DATA SEGMENT:
• • •

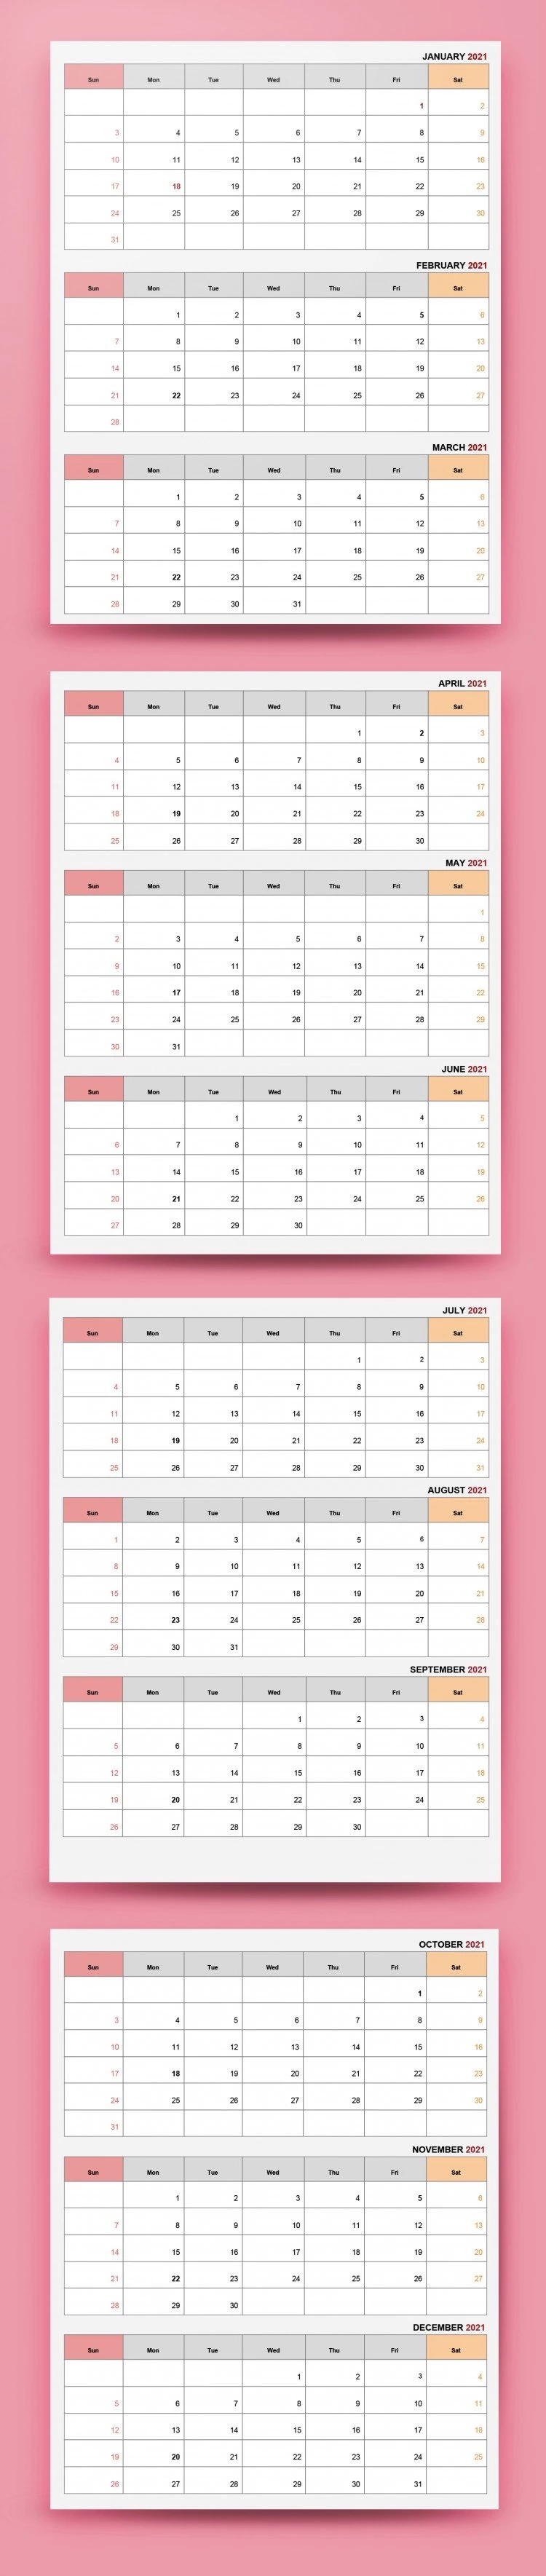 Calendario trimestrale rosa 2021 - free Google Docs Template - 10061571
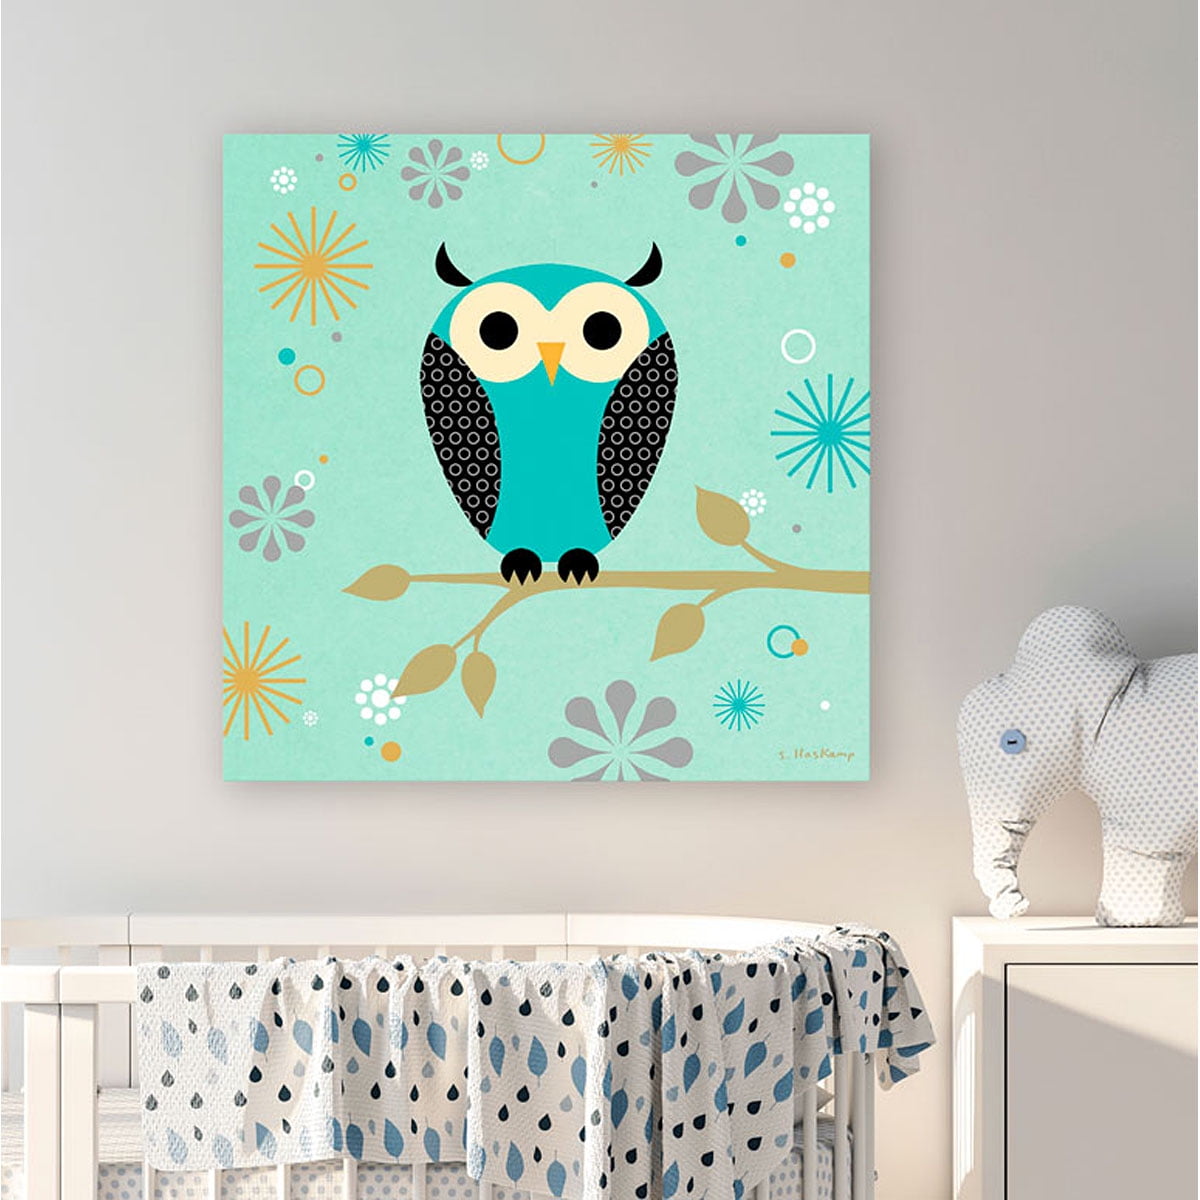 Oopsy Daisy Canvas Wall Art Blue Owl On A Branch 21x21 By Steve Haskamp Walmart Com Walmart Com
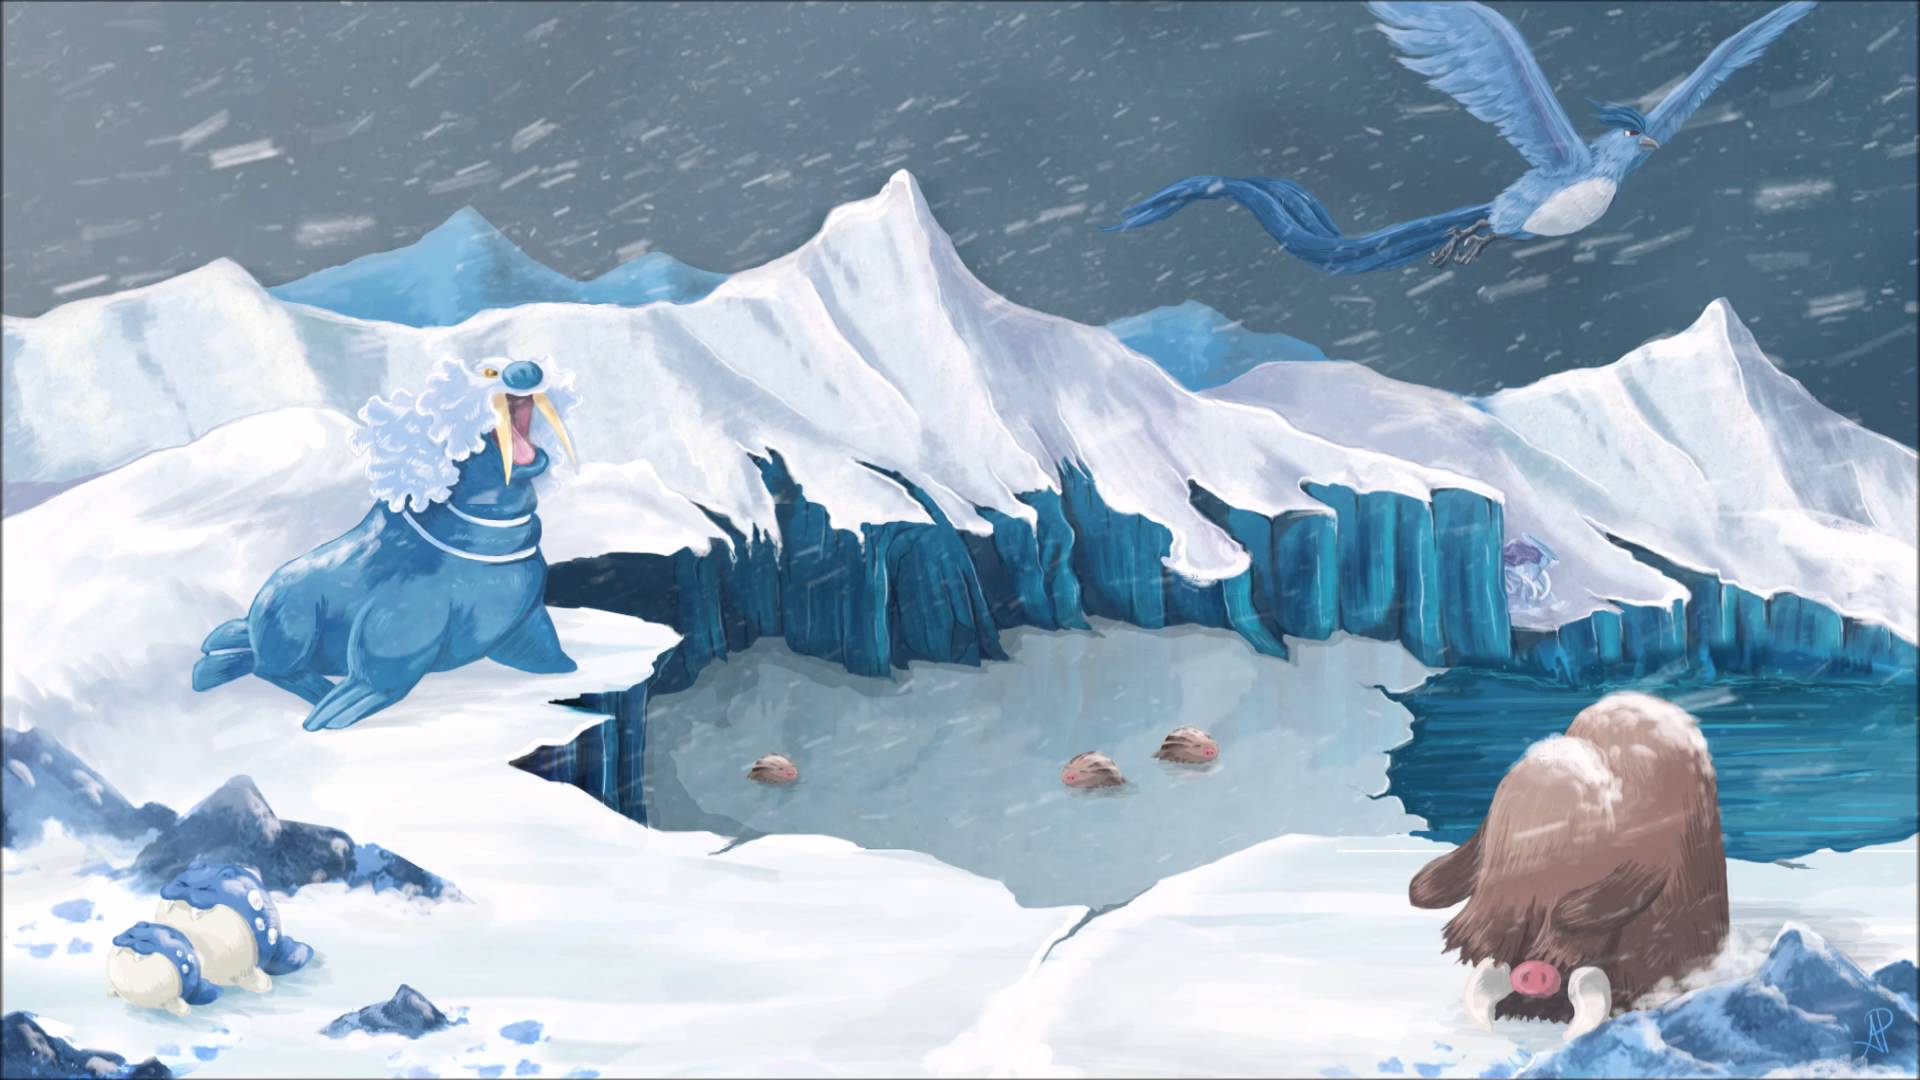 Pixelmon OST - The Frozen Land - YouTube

• • •

AIM OF THE EXERCISE: The expected output is the material above, repeated exactly and free of pictures.

SOLUTION FOR THIS PROBLEM:
 Calendario trimestrale rosa 2021 - free Google Docs Template - 10061571
 Oopsy Daisy Canvas Wall Art Blue Owl On A Branch 21x21 By Steve Haskamp Walmart Com Walmart Com
 Pixelmon OST - The Frozen Land - YouTube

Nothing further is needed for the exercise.